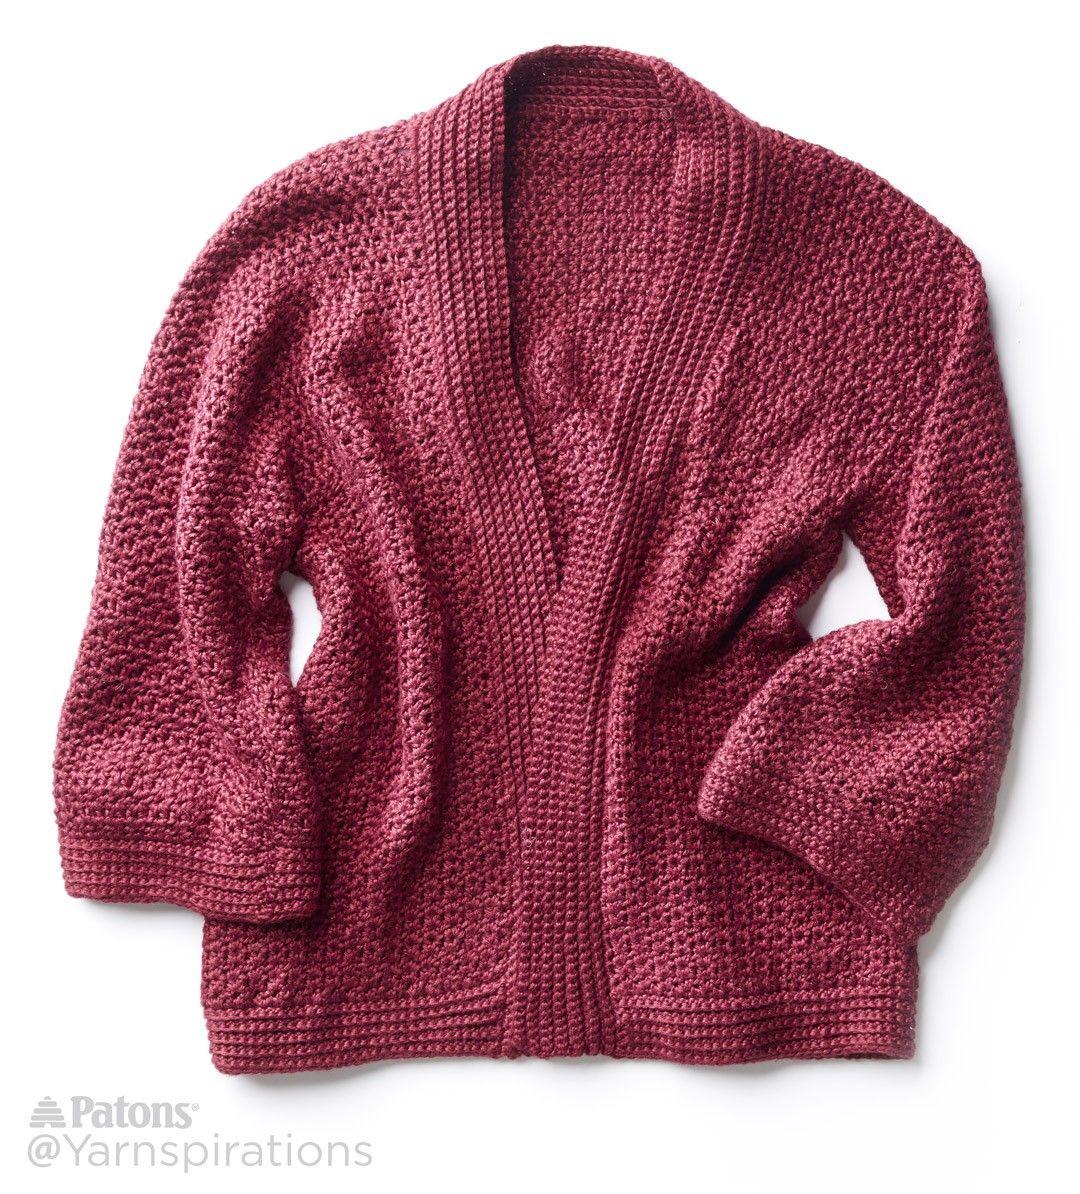 Soft Drape Kimono Crochet Jacket Free Pattern Yarnspirations
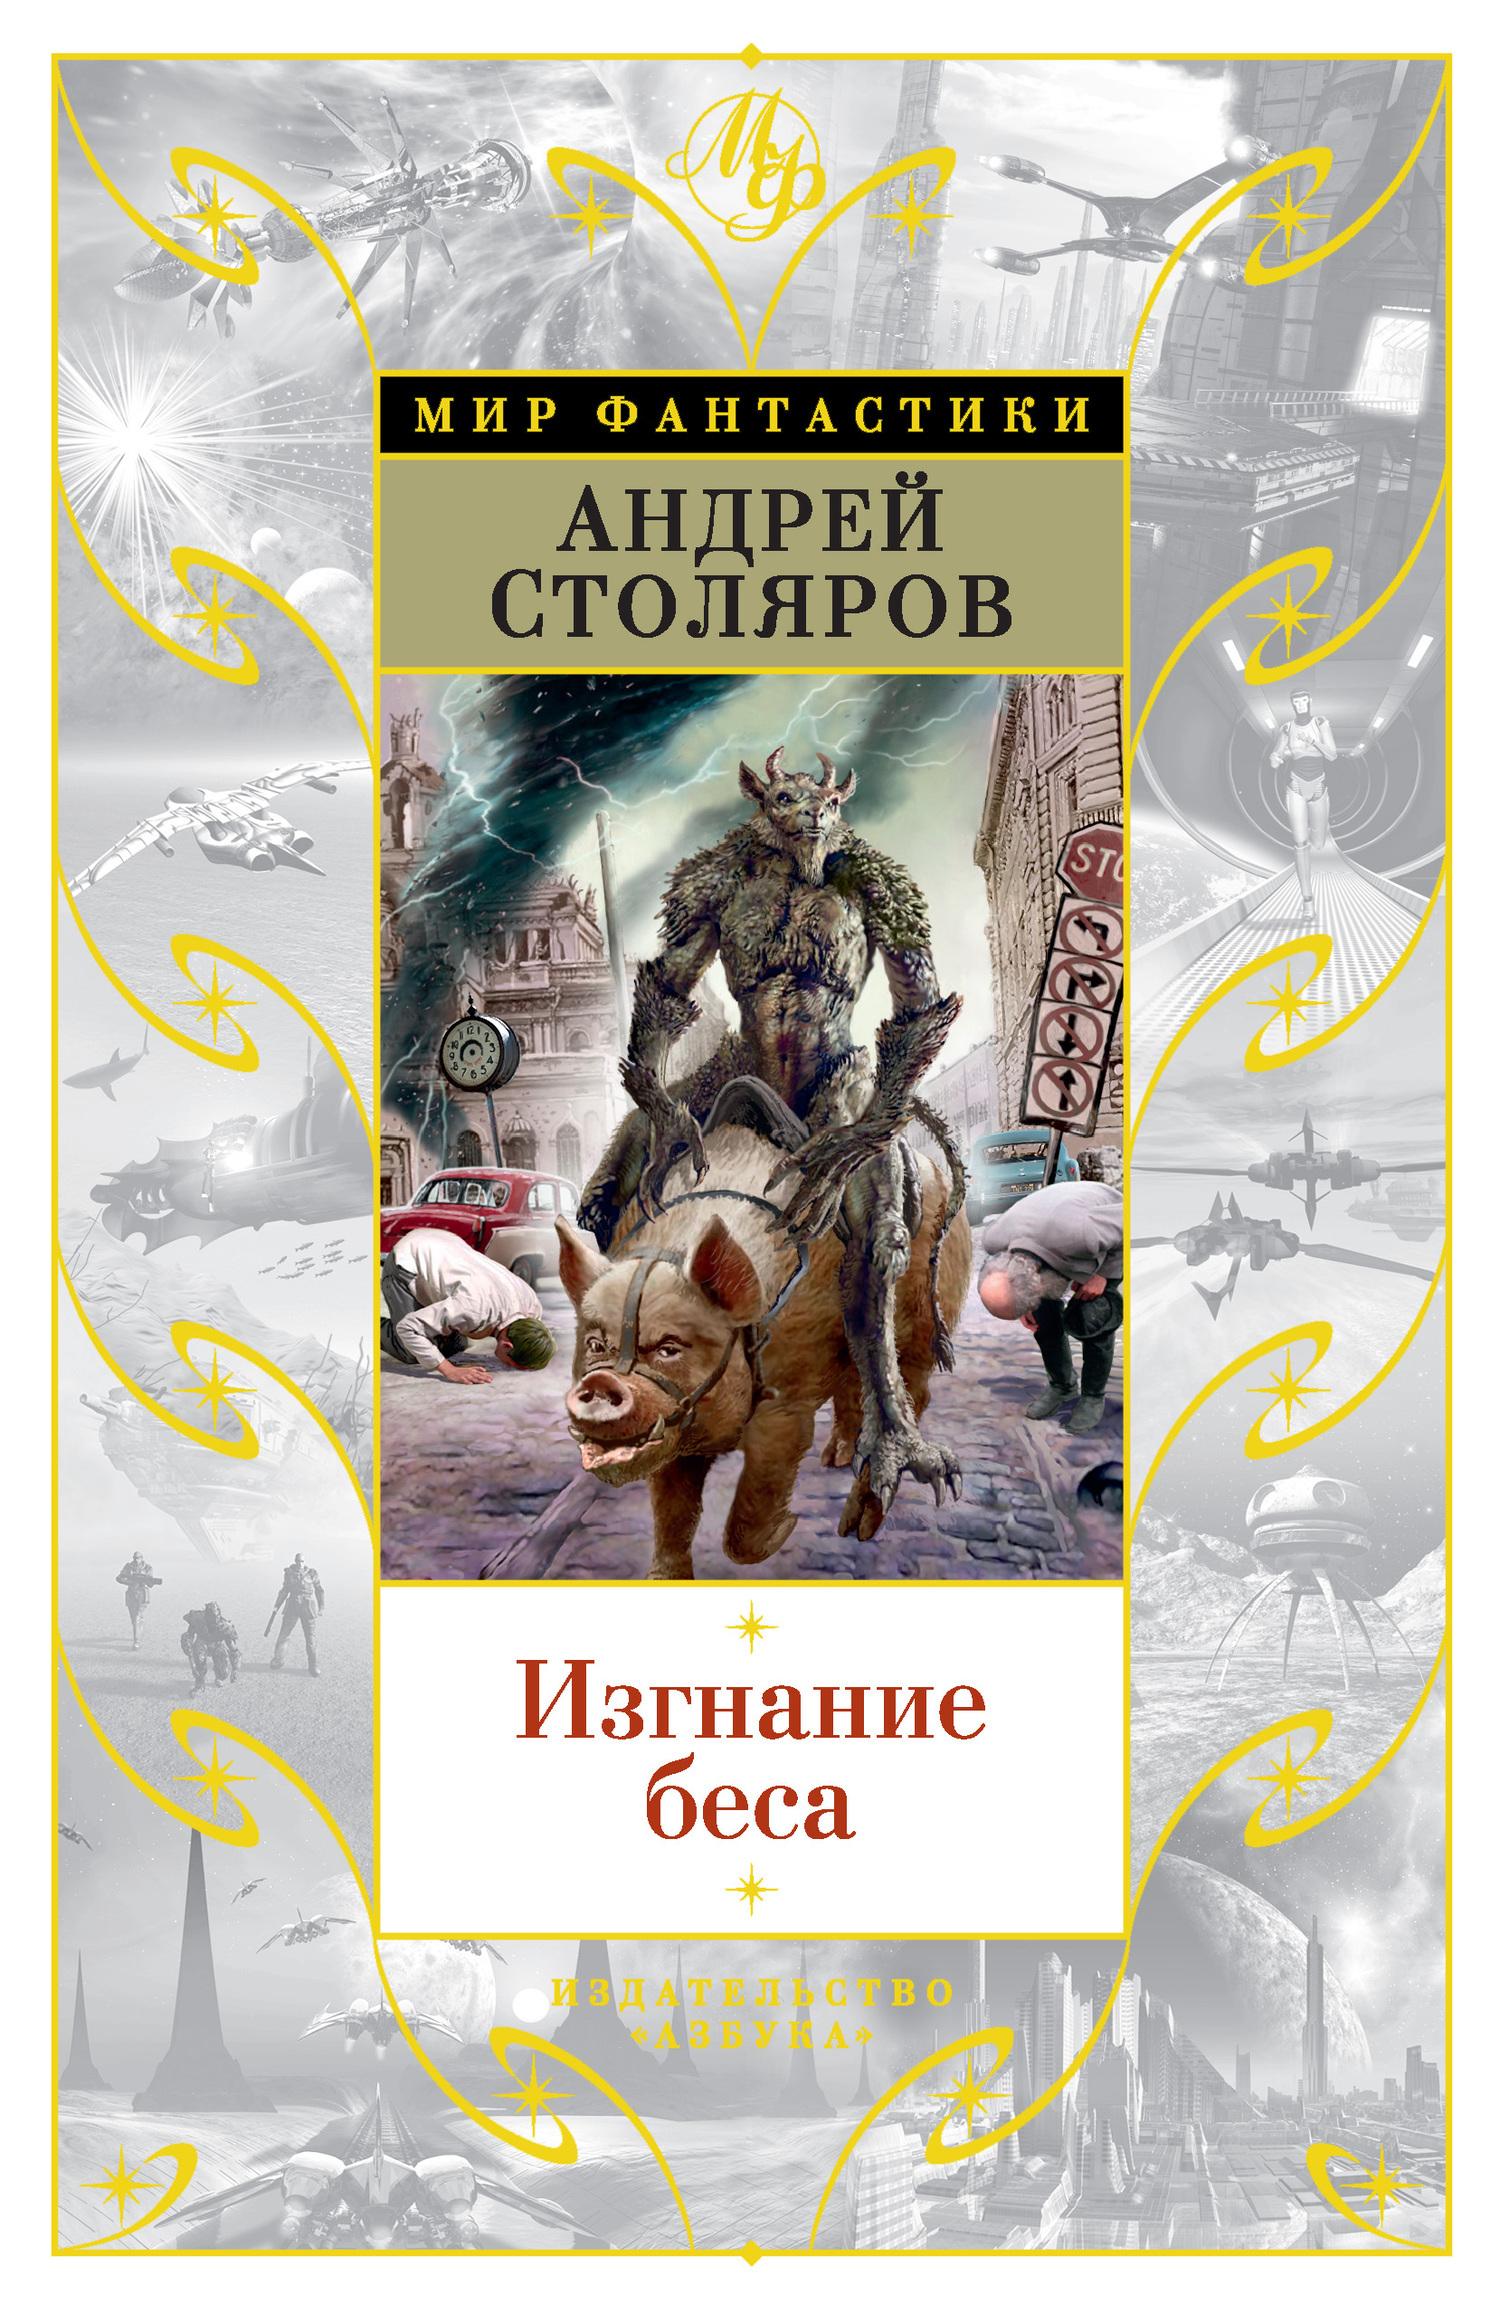 Андрей Столяров - Изгнание беса (сборник)
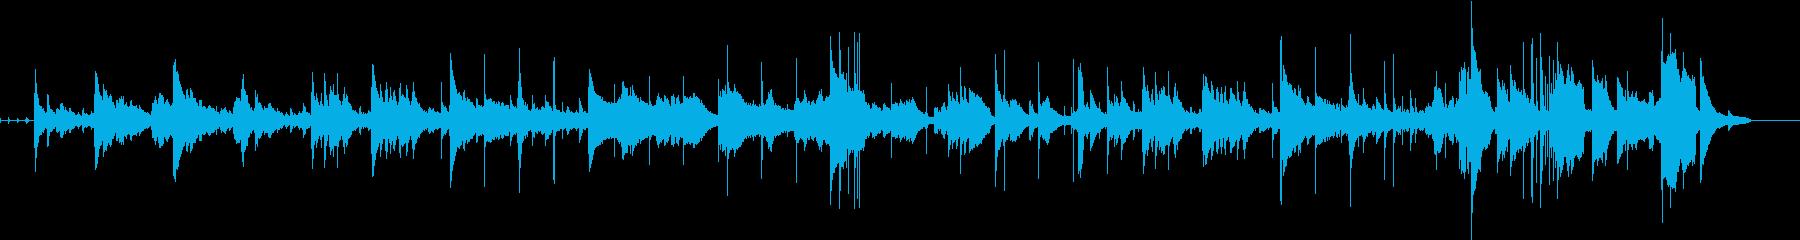 ピアノとベースの印象的な曲の再生済みの波形
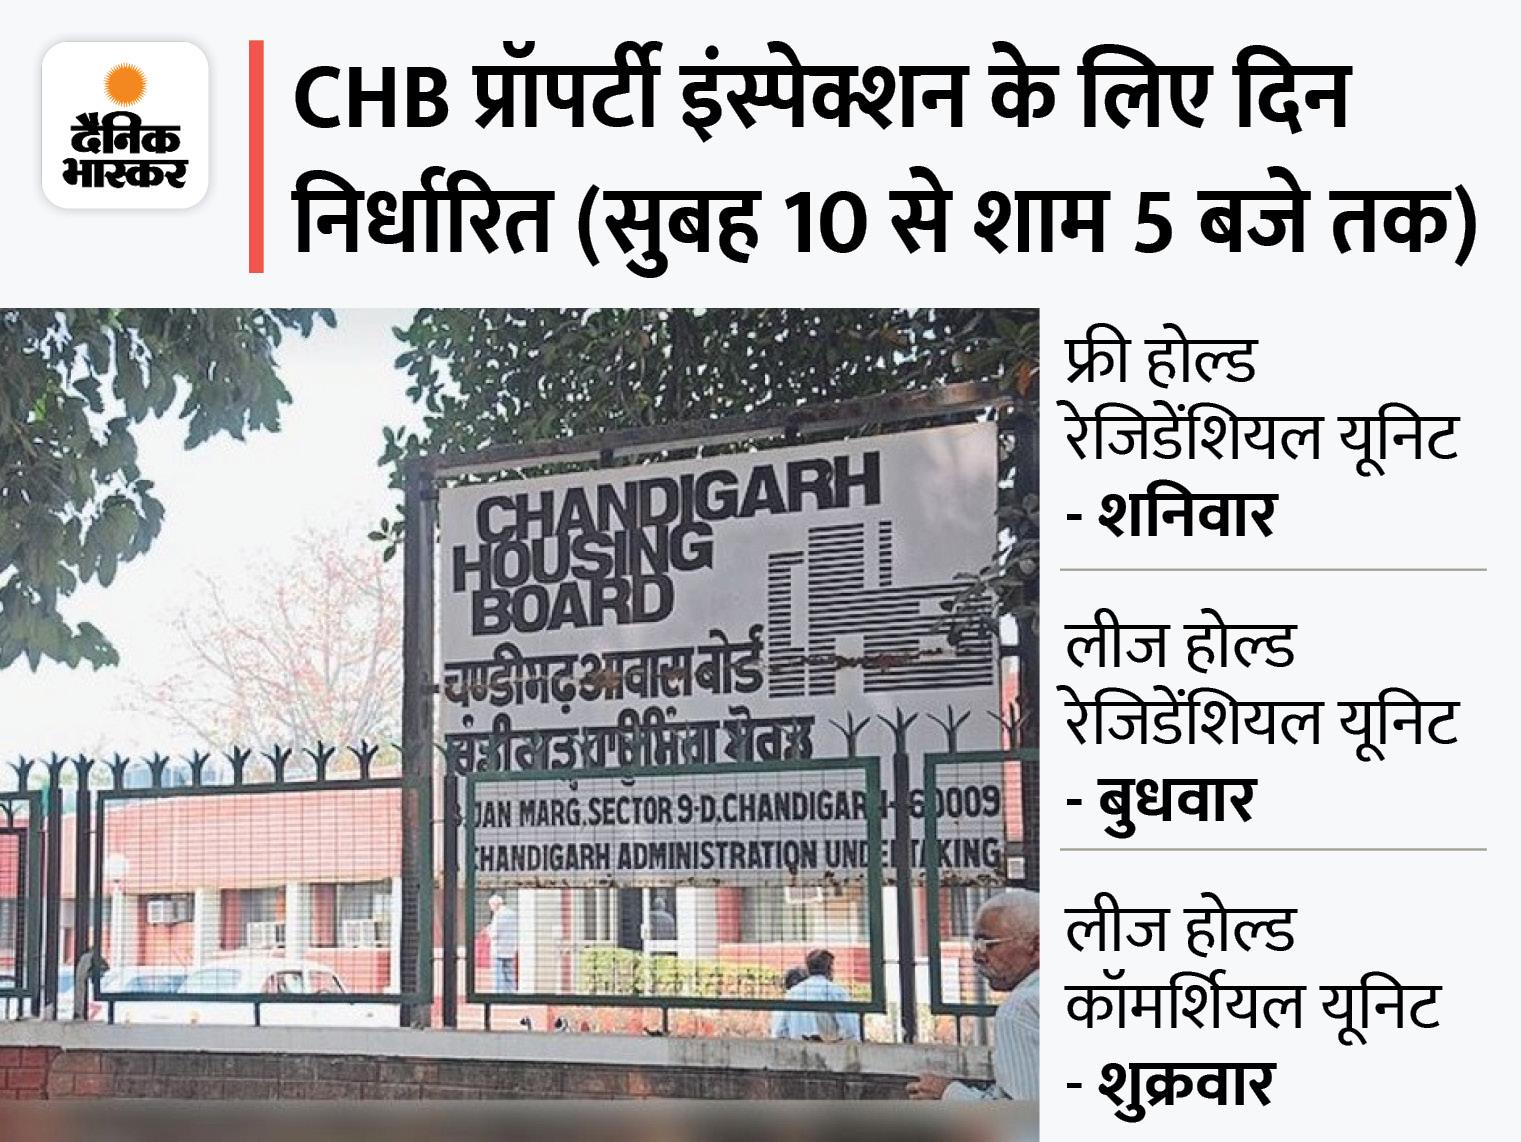 CHB ने रेजिडेंशियल और कमर्शियल प्रापर्टी खरीदने की अंतिम तिथि को 19 अक्टूबर तक बढ़ाया|चंडीगढ़,Chandigarh - Dainik Bhaskar
◇ ◇ ◇ ◇ ◇ ◇ ◇
Copy out the material above in full and exactly, but with no pictures.

**SOLUTION TO THIS TASK:**
 Soft Drape Kimono Crochet Jacket Free Pattern Yarnspirations
 Андрей Столяров - Изгнание беса (сборник)
 ピアノとベースの印象的な曲の再生済みの波形
 CHB ने रेजिडेंशियल और कमर्शियल प्रापर्टी खरीदने की अंतिम तिथि को 19 अक्टूबर तक बढ़ाया|चंडीगढ़,Chandigarh - Dainik Bhaskar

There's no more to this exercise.